# [EXERCISE DESCRIPTION]
The reply should hold only the lines from the one with "天使的翅膀(必弹吉他)吉他谱" to the one with "Летнее платье с", both ends kept, exactly as they appear below, without any pictures.

# [RECORDED DATA]
------

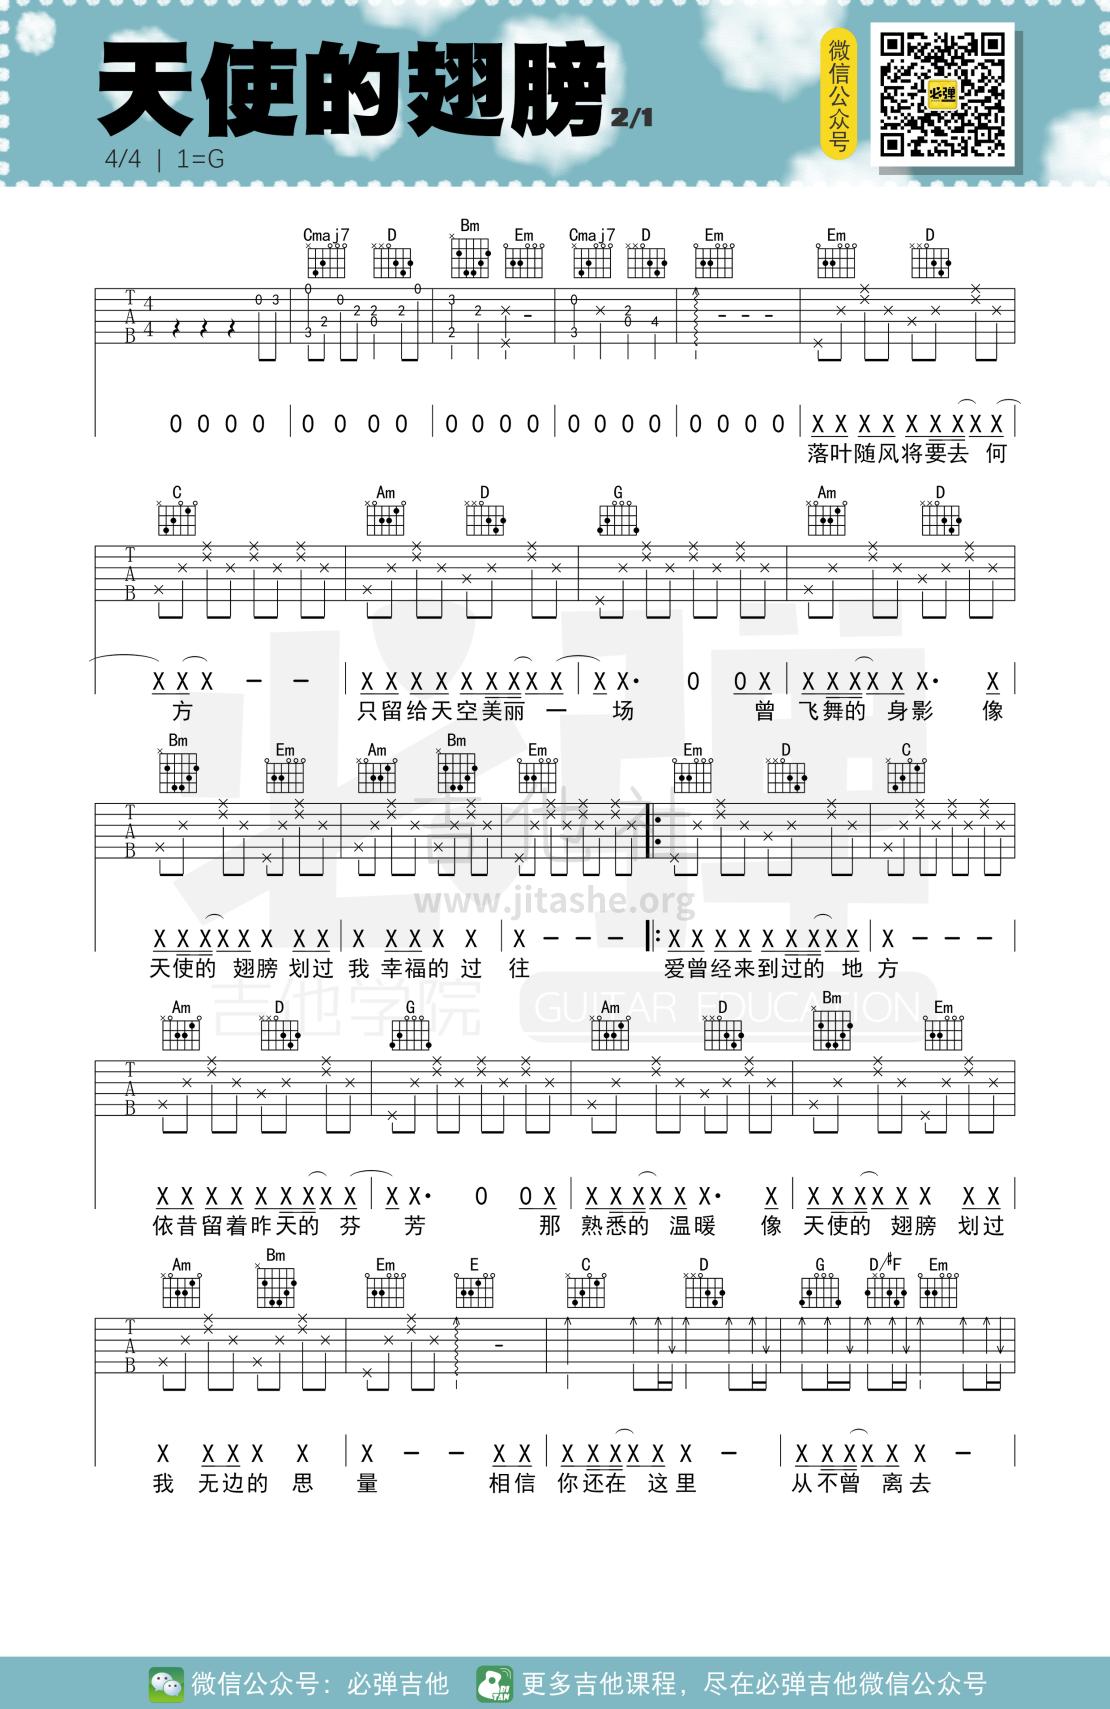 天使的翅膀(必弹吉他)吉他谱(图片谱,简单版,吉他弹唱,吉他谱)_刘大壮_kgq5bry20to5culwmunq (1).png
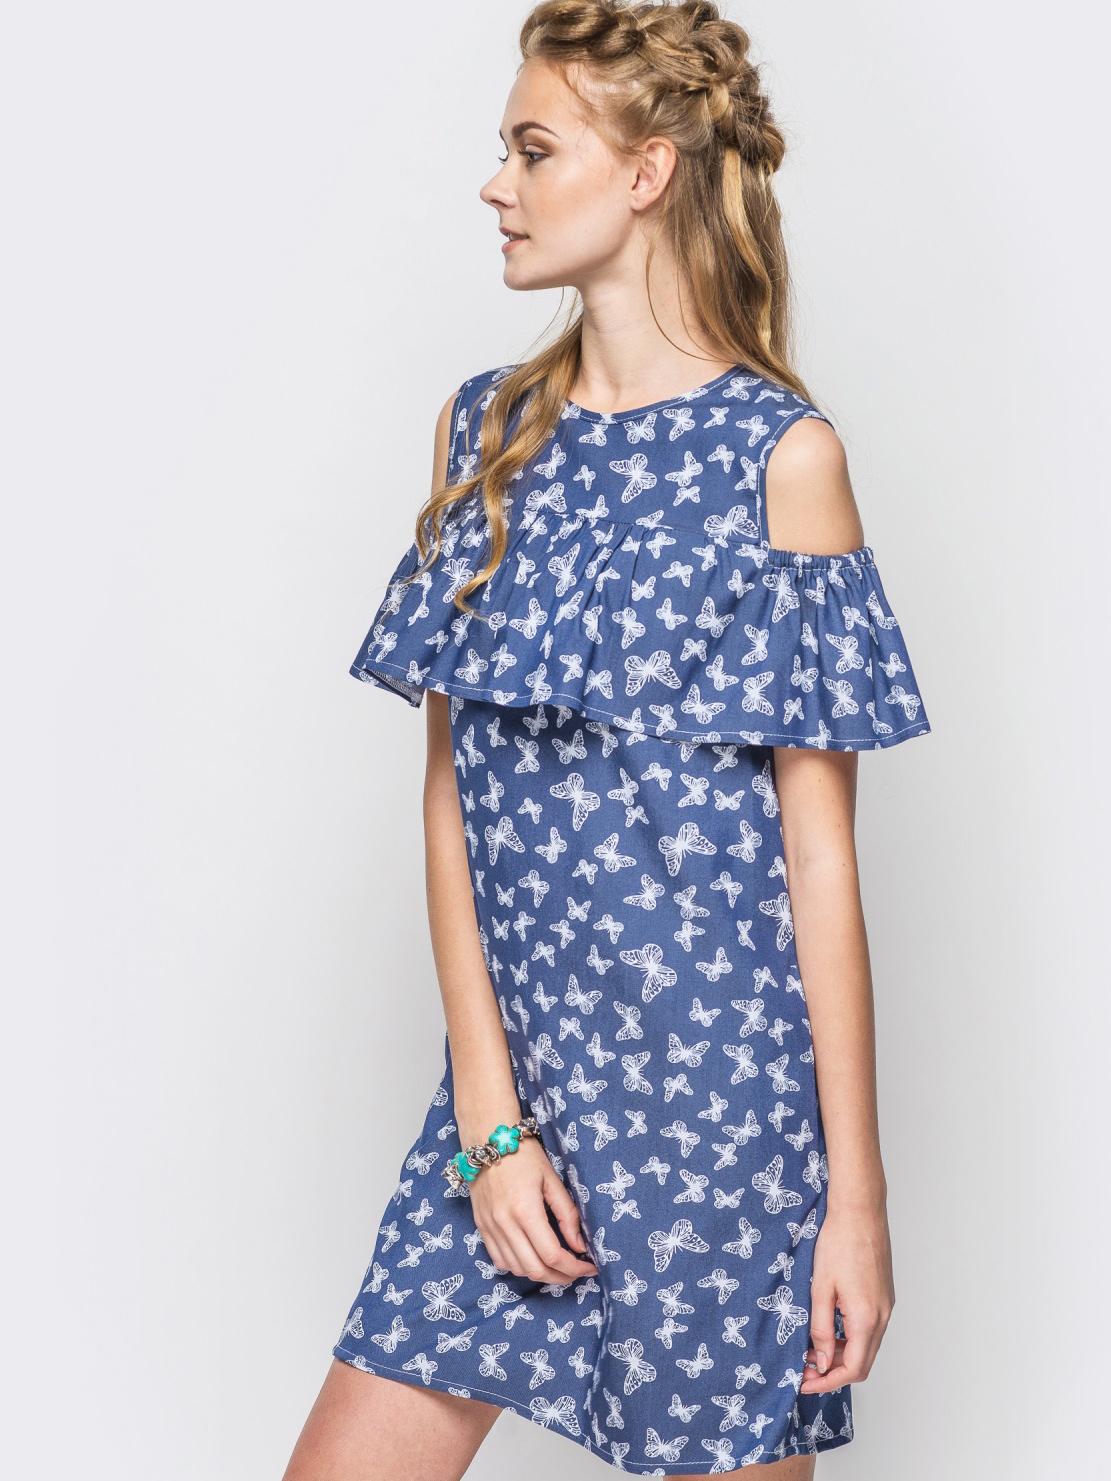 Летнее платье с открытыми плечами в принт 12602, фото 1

------

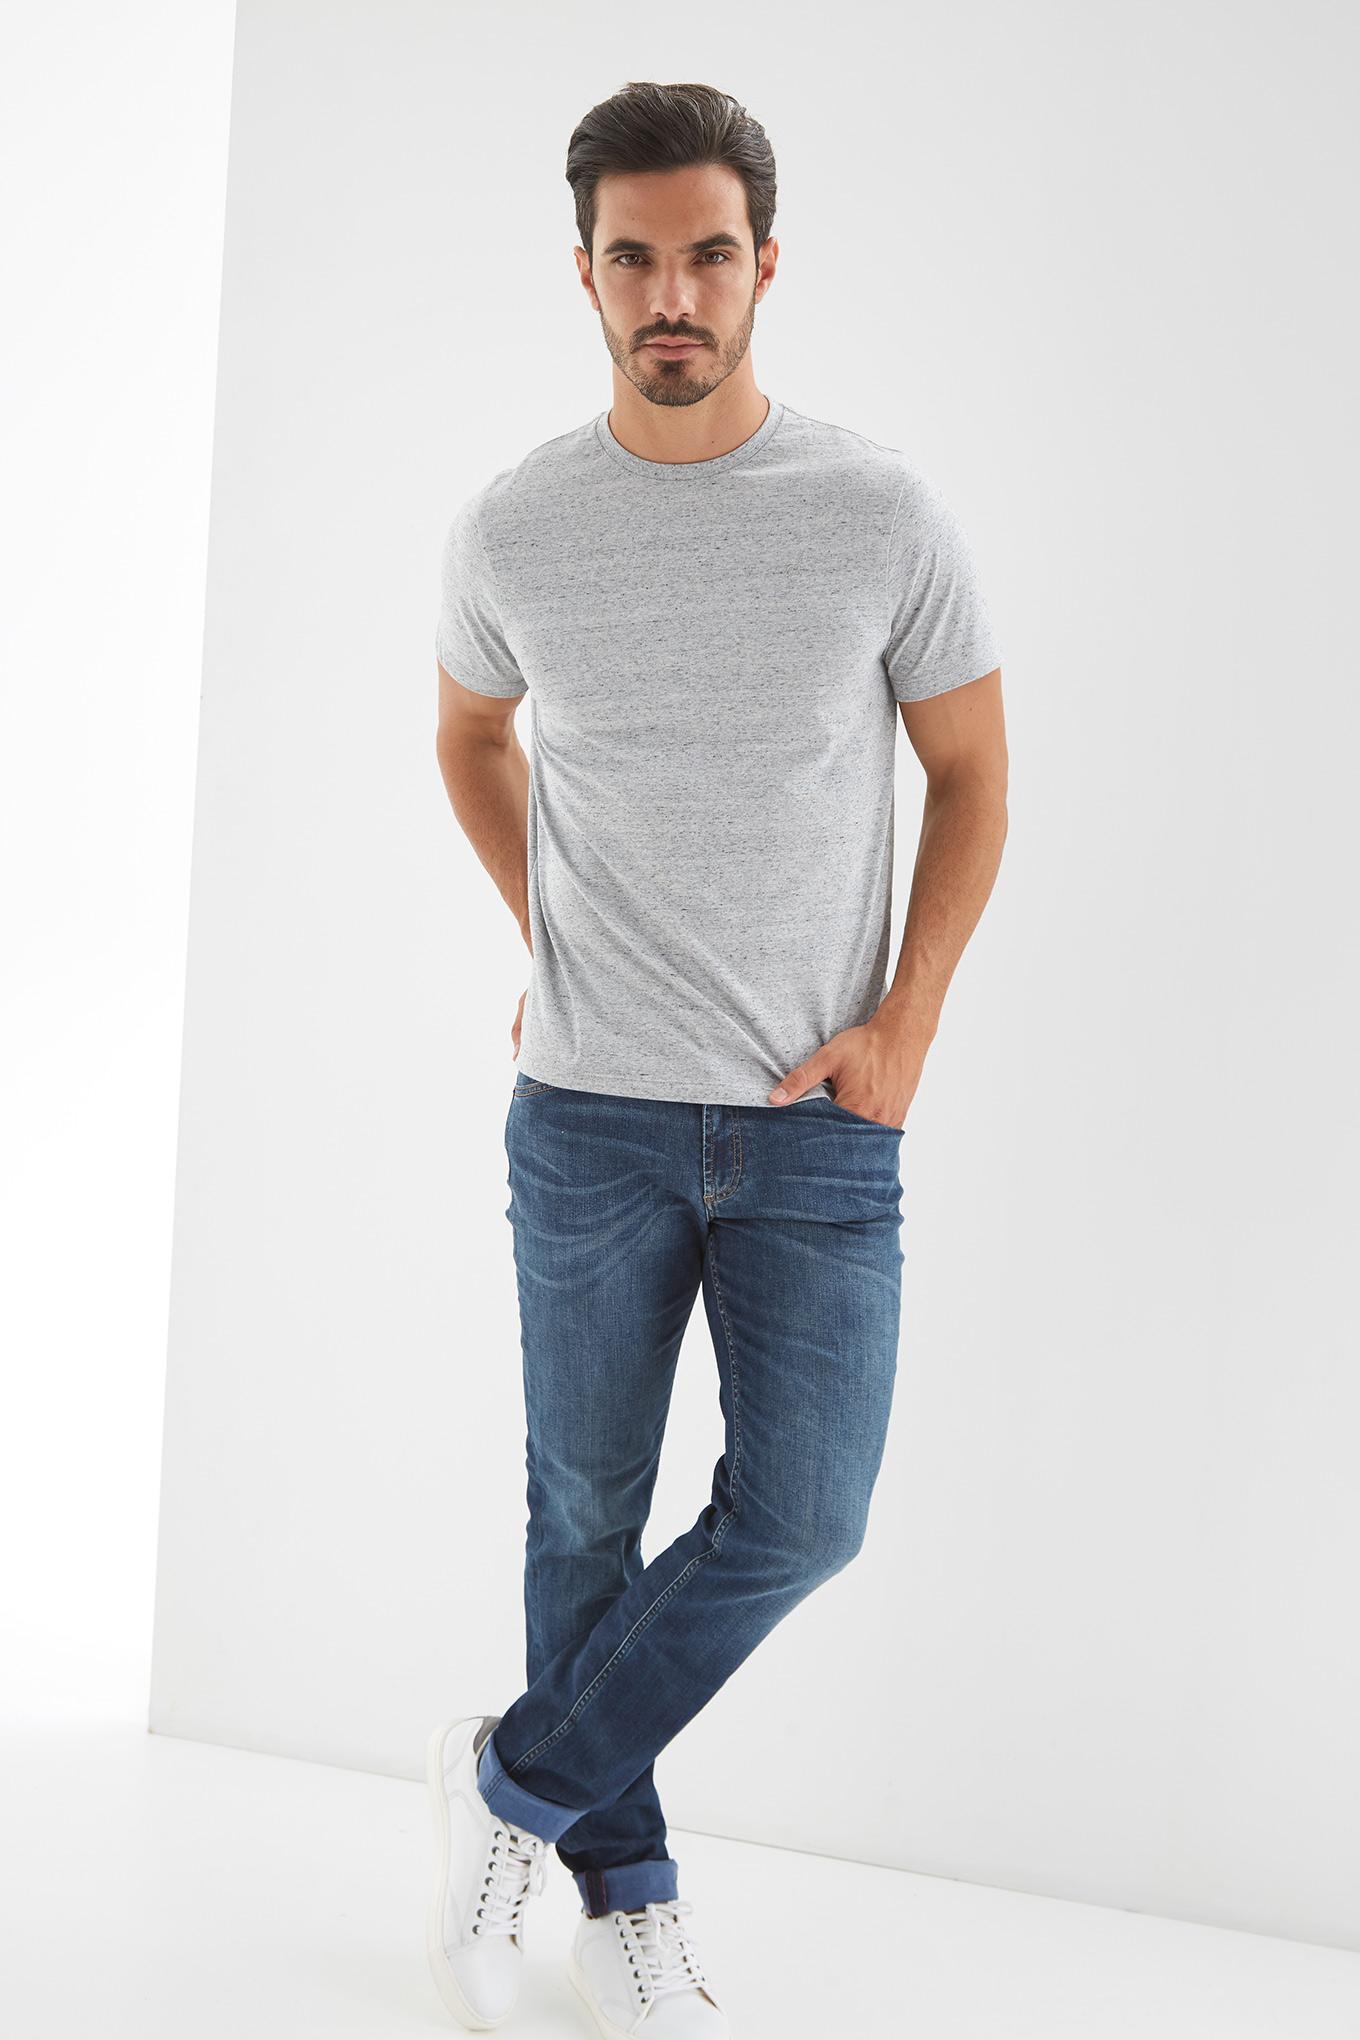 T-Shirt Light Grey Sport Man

------

# [OUTPUT BELOW]
 天使的翅膀(必弹吉他)吉他谱(图片谱,简单版,吉他弹唱,吉他谱)_刘大壮_kgq5bry20to5culwmunq (1).png
 Летнее платье с открытыми плечами в принт 12602, фото 1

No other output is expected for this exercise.